5.2.1 Model geometry
The heat transfer analysis of the FSW and P-FSW process is performed using commercial software ABAQUS. The solution domain of the model is assumed as rectangular plate. The element of workpiece domain is meshed using eight-nodded brick element of type DCC3D8. The temperature is considered as single degree of freedom at each node with fine meshing in the weld zone. The size of the welding plate for the simulation is considered as same as experimental condition. The welded workpiece have dimensions 200 mm length and 200 mm width, while the thickness of the workpiece is 6 mm. In the present work, non-uniform meshes are used and shown in Fig. 5.1. The finer mesh is considered near and along the weld center line to capture high temperature gradient of the simulated results and the mesh size increases for rest of the zone in order to reduce the computational time. However, in case of dissimilar joint the solution domain is partition in three section and each section assigned different material properties. The weld zone is designed as functionally graded material. Other two sections are assigned with thermal properties of copper (advancing side) and aluminum (retreating side). In this case, the model geometry and type of mesh and size is similar to Fig. 5.1 except weld zone material property.

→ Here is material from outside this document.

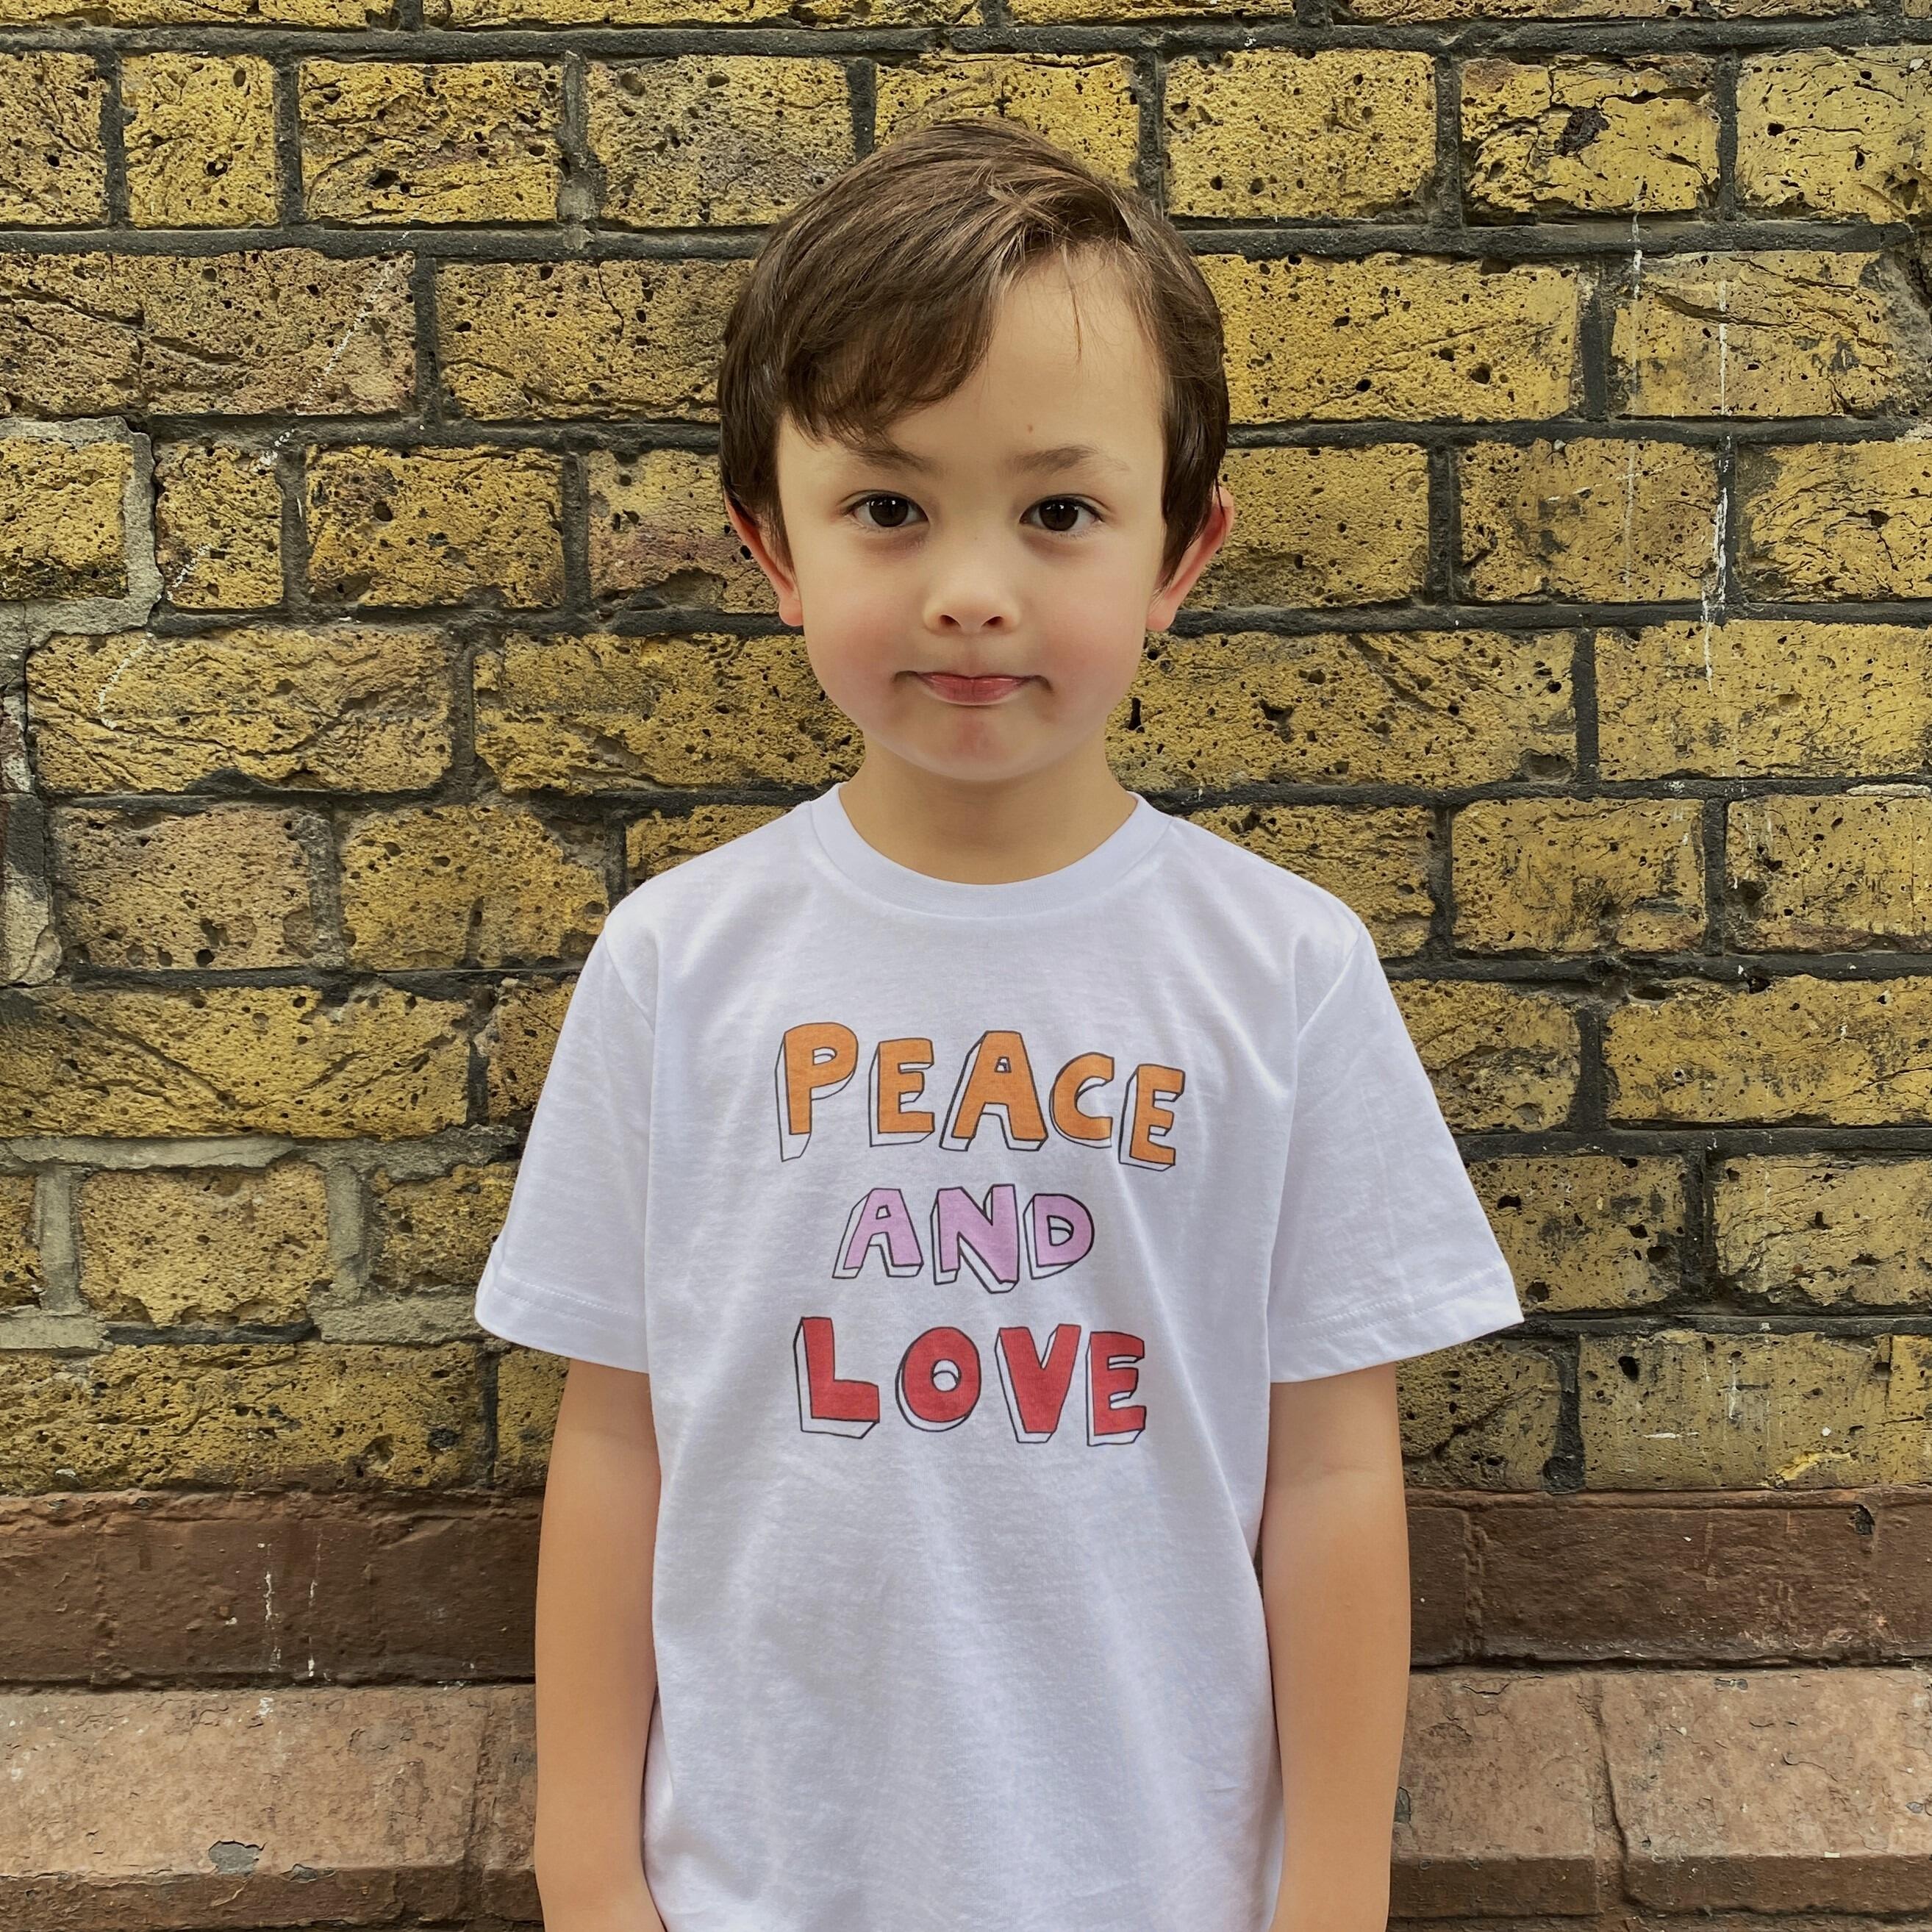 A child wearing the Peace and Love t-shirt.

Figure 5.1: Finite element mesh for model geometry.
Results and Discussion
5.2.2 Calibration of numerical model
This solution of finite element based numerical model depends on the selection of the number of elements, number of time steps, number of non-linear iterations per time step and the time required for each non-linear iteration. Therefore, the computational time can be reduced by proper and optimum selection of these parameters. Also the accuracy of numerical model depends on assignment of proper material properties. The computed thermal cycles and weld zone isotherm of finite element heat transfer model are sensitive to the element size and the distribution of elements within the model geometry. The accuracy of the predicted result is directly proportional to element size: finer the mesh sizes higher the precision of the model.
In FSW, the plastic deformation of material is occurred at the tool-workpiece interface and creates a shear layer. It is assumed that total frictional heat generated in the whole FSW process is attributed solely in the shear layer thickness [313]. Therefore, to apply volumetric heat flux on boundary shear layer, the size of mesh should be finer than that of mesh in the weld zone. The typical estimate of boundary shear layer thickness is 0.25 mm [78, 314].
To comply with this small size of boundary layer, it considerably increases the element number and consequently the computational time. Hence application of surface heat flux eliminates the complexity arises from the restriction of mesh size due to boundary shear layer thickness. Mesh sensitivity analysis is conducted to select a proper element size to accurately simulate the FSW process to minimize the computational cost. Figure 5.2 indicates that three different meshes are considered in the weld zone. The peak temperature obtained at a thermocouple point is estimated using these three types of meshes and is compared with the experimental value. Finite element model using coarse mesh was found to overestimate the experimental peak temperature at the thermocouple location by more than 12%. On the other hand, the peak temperatures predicted by using fine and very fine mesh are comparable with their experimental counterparts and a maximum difference around ~ 3 % is observed. No improvement in numerical result has observed from the use of fine mesh to very fine mesh. Therefore, fine mesh is used in all subsequent simulations.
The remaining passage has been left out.